WHAT IS EXPECTED: Would you print the listing that follows exactly, but without its pictures?

DATA EXCERPT:
═══
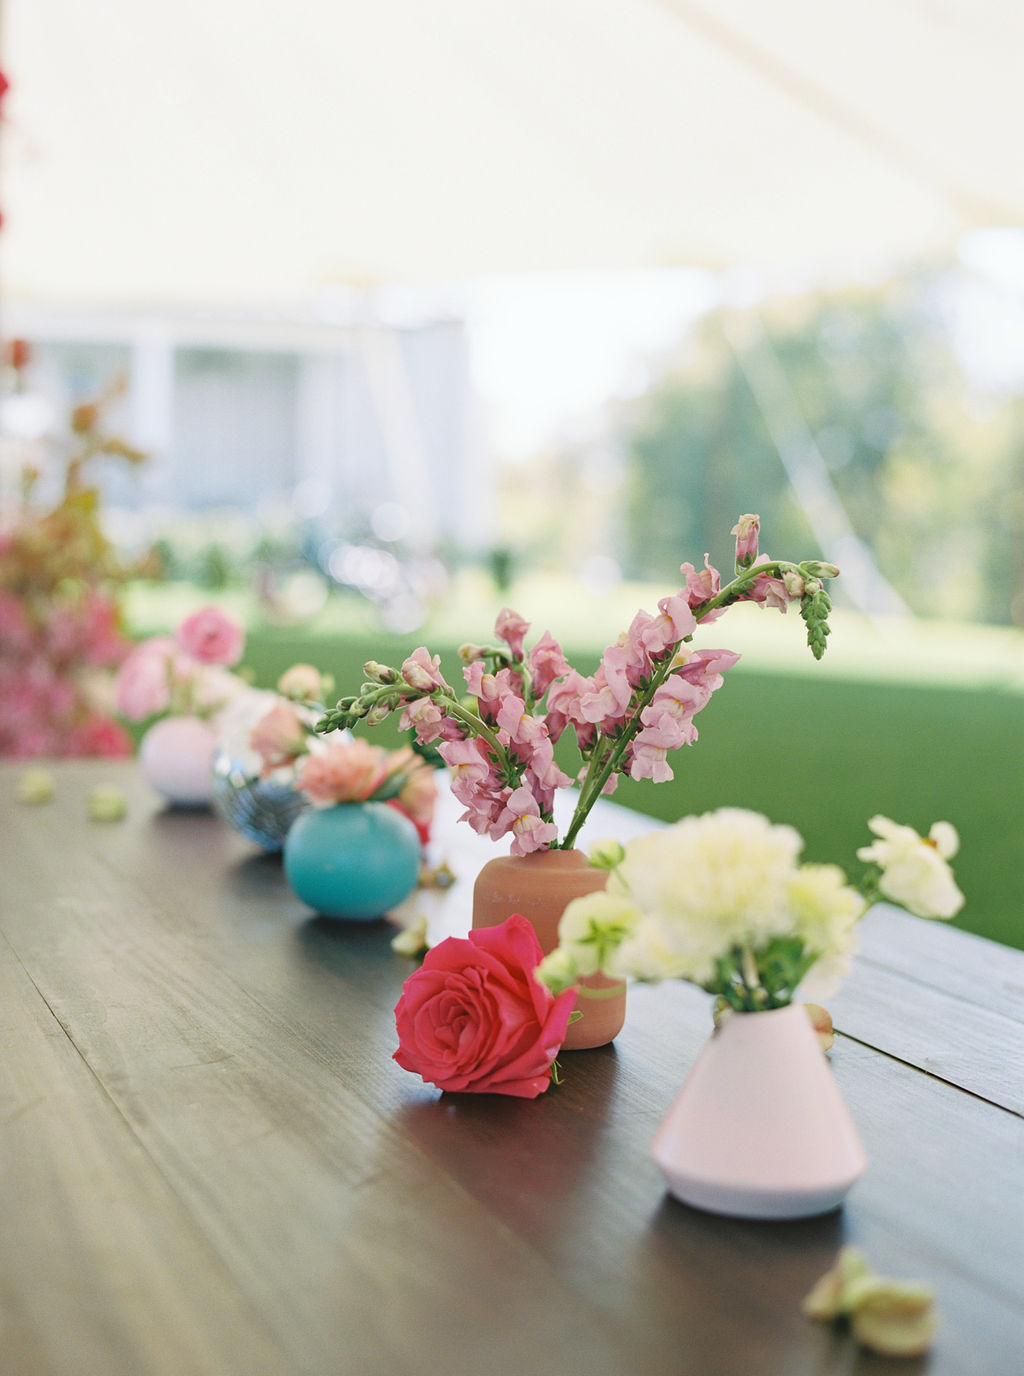 Bright bud vase floral centerpieces for Houston, TX birthday party
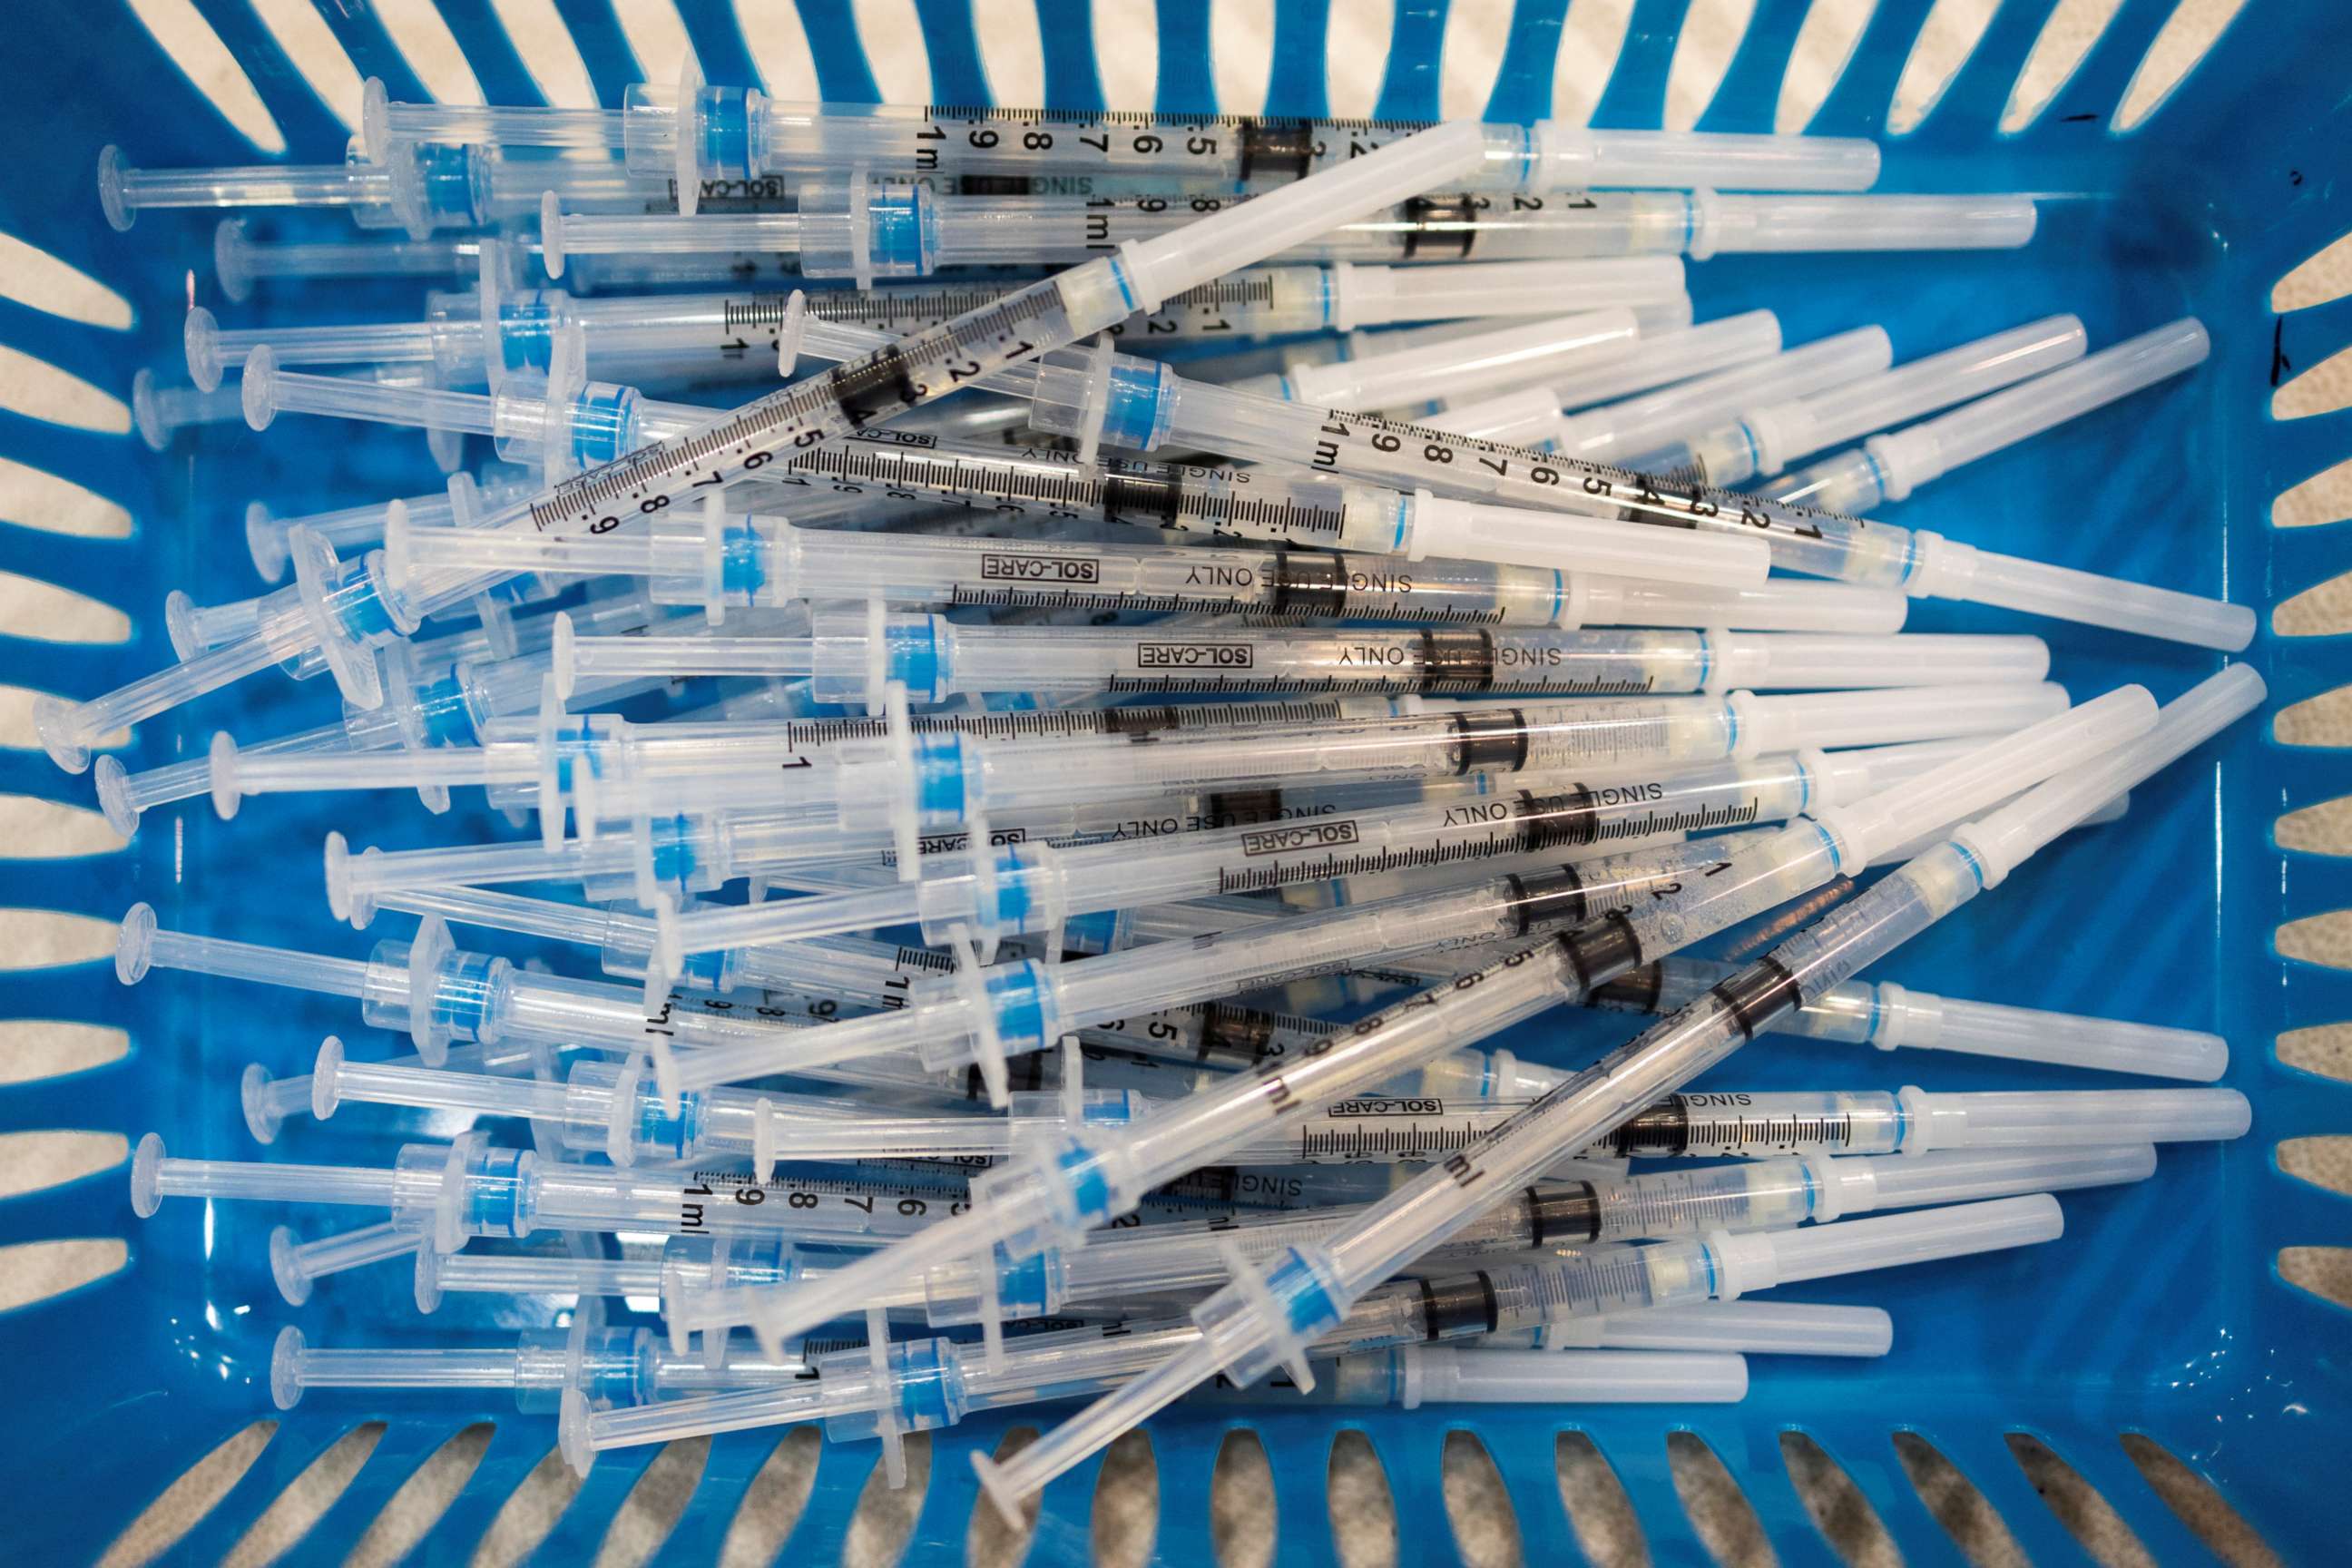 PHOTO: Doses of the Pfizer-BioNTech vaccine against COVID-19 are pictured at a booster clinic for 12- to 17-year-olds in Lansdale, Pa., Jan. 9, 2022.
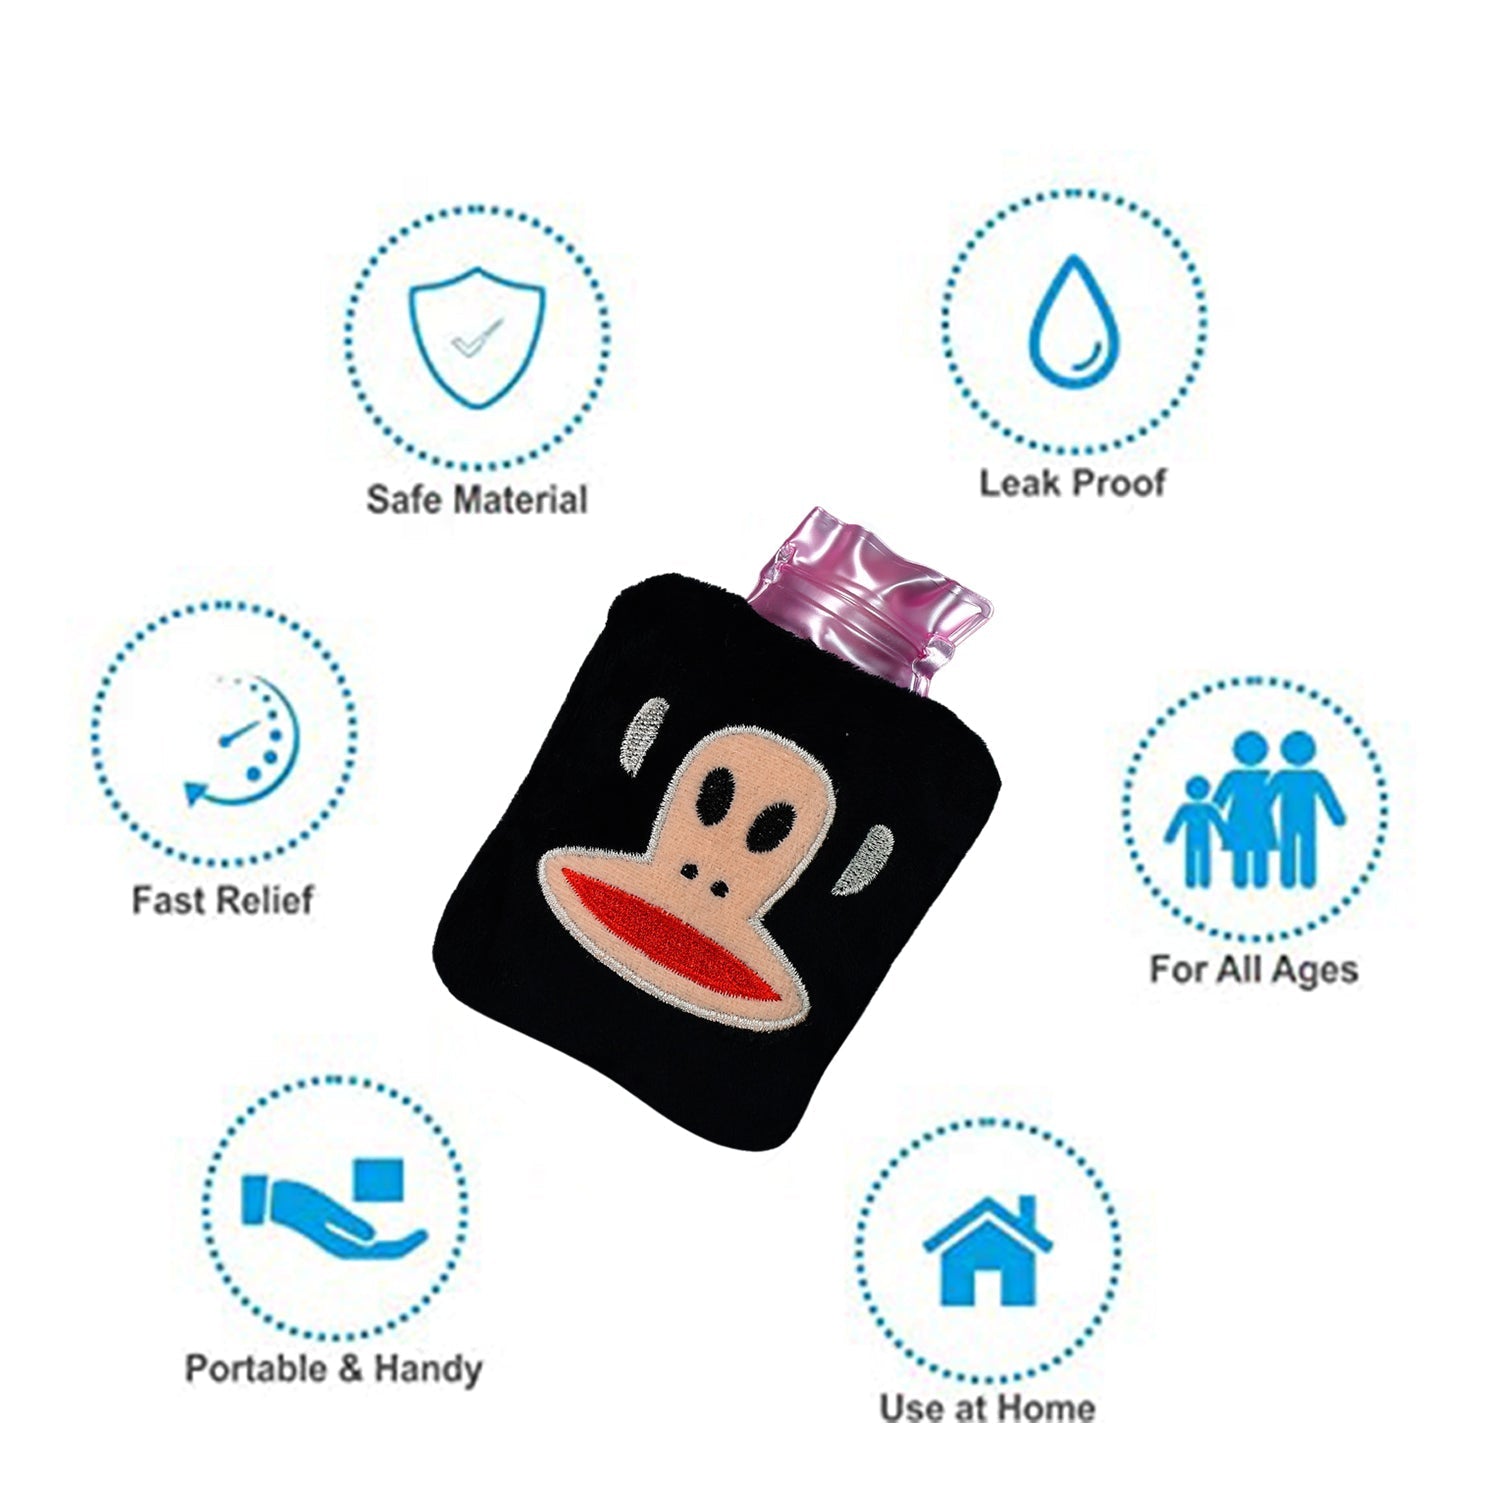 6522 Black Monkey small Hot Water Bag with Cover for Pain Relief, Neck, Shoulder Pain and Hand, Feet Warmer, Menstrual Cramps. DeoDap
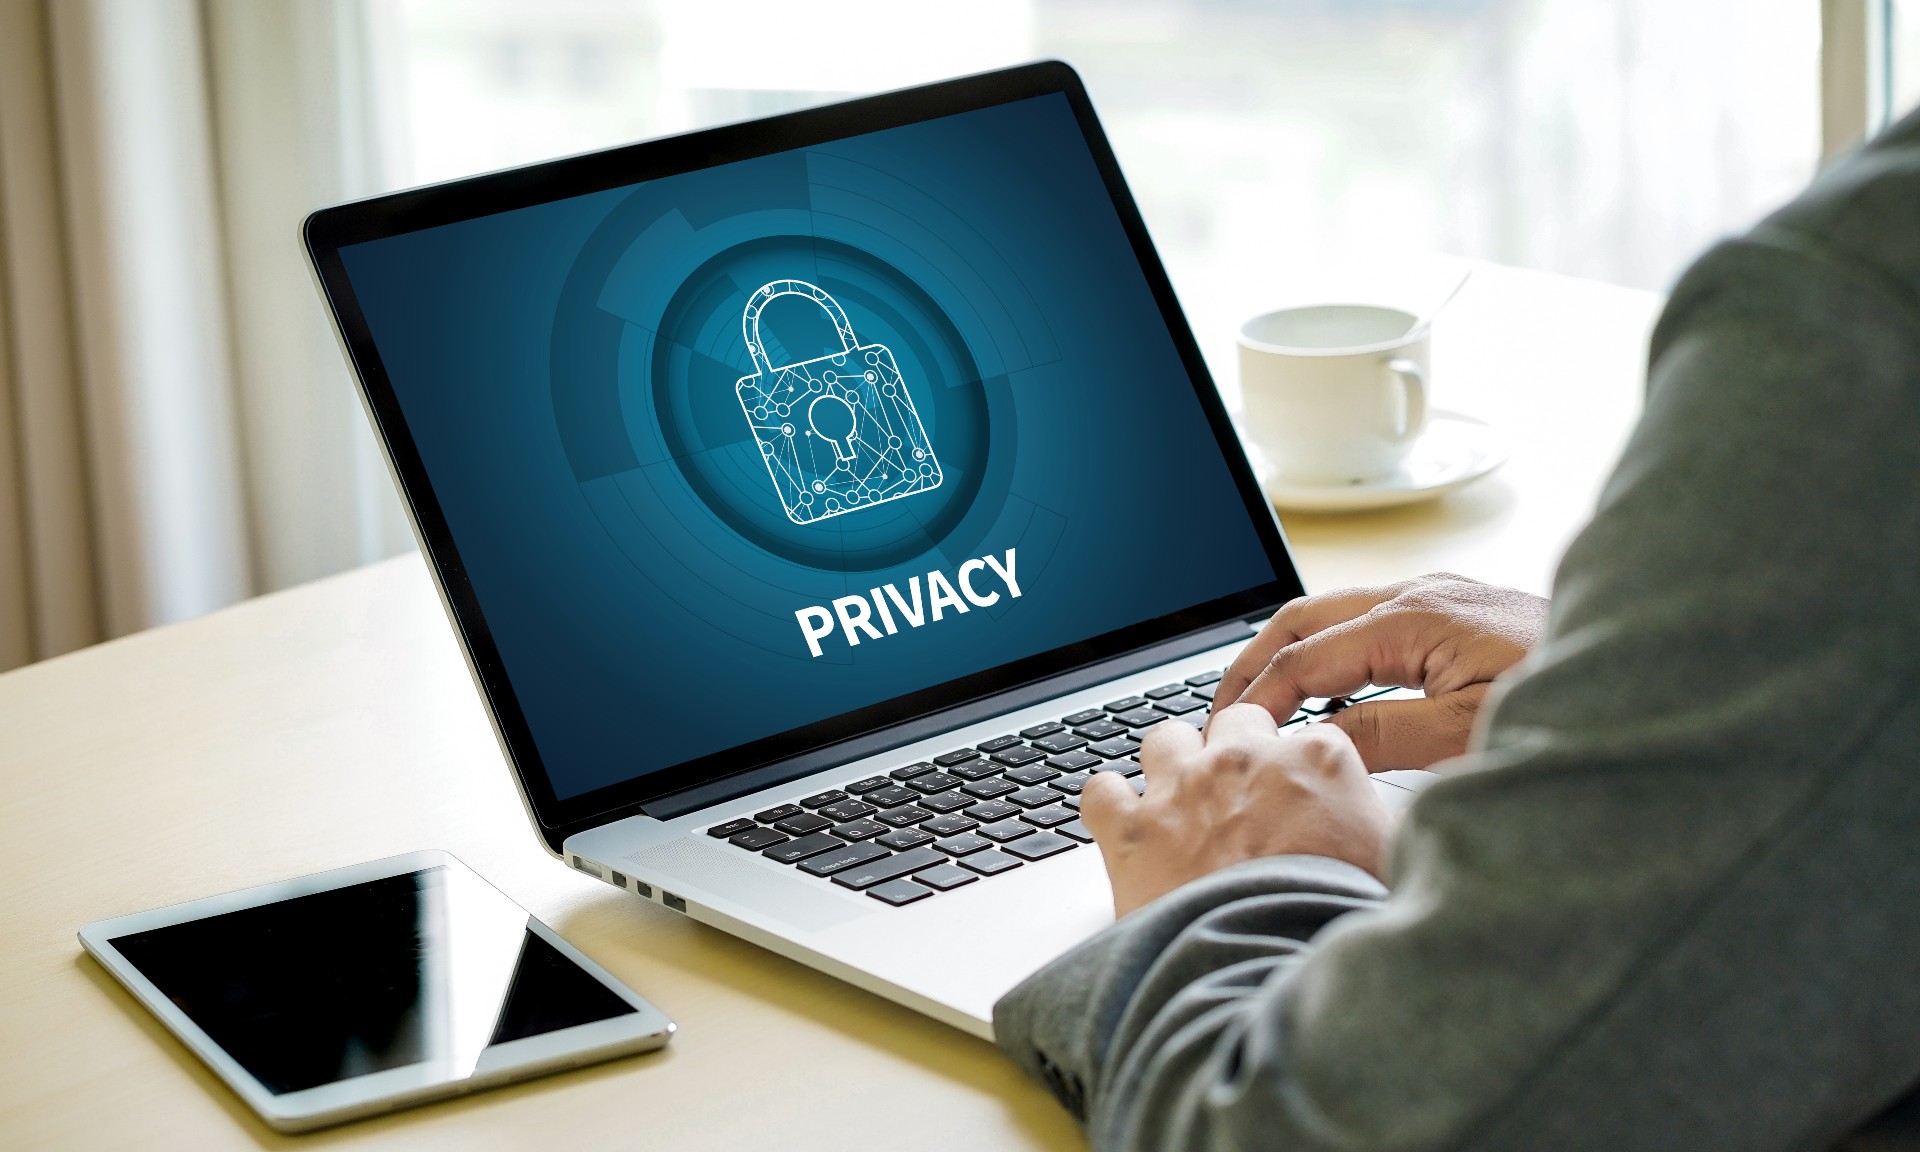 Genetec recognises data privacy day by sharing physical security best practices
═══
REPLY TO THE TASK:
 Bright bud vase floral centerpieces for Houston, TX birthday party
 PHOTO: Doses of the Pfizer-BioNTech vaccine against COVID-19 are pictured at a booster clinic for 12- to 17-year-olds in Lansdale, Pa., Jan. 9, 2022.
 6522 Black Monkey small Hot Water Bag with Cover for Pain Relief, Neck, Shoulder Pain and Hand, Feet Warmer, Menstrual Cramps. DeoDap
 Genetec recognises data privacy day by sharing physical security best practices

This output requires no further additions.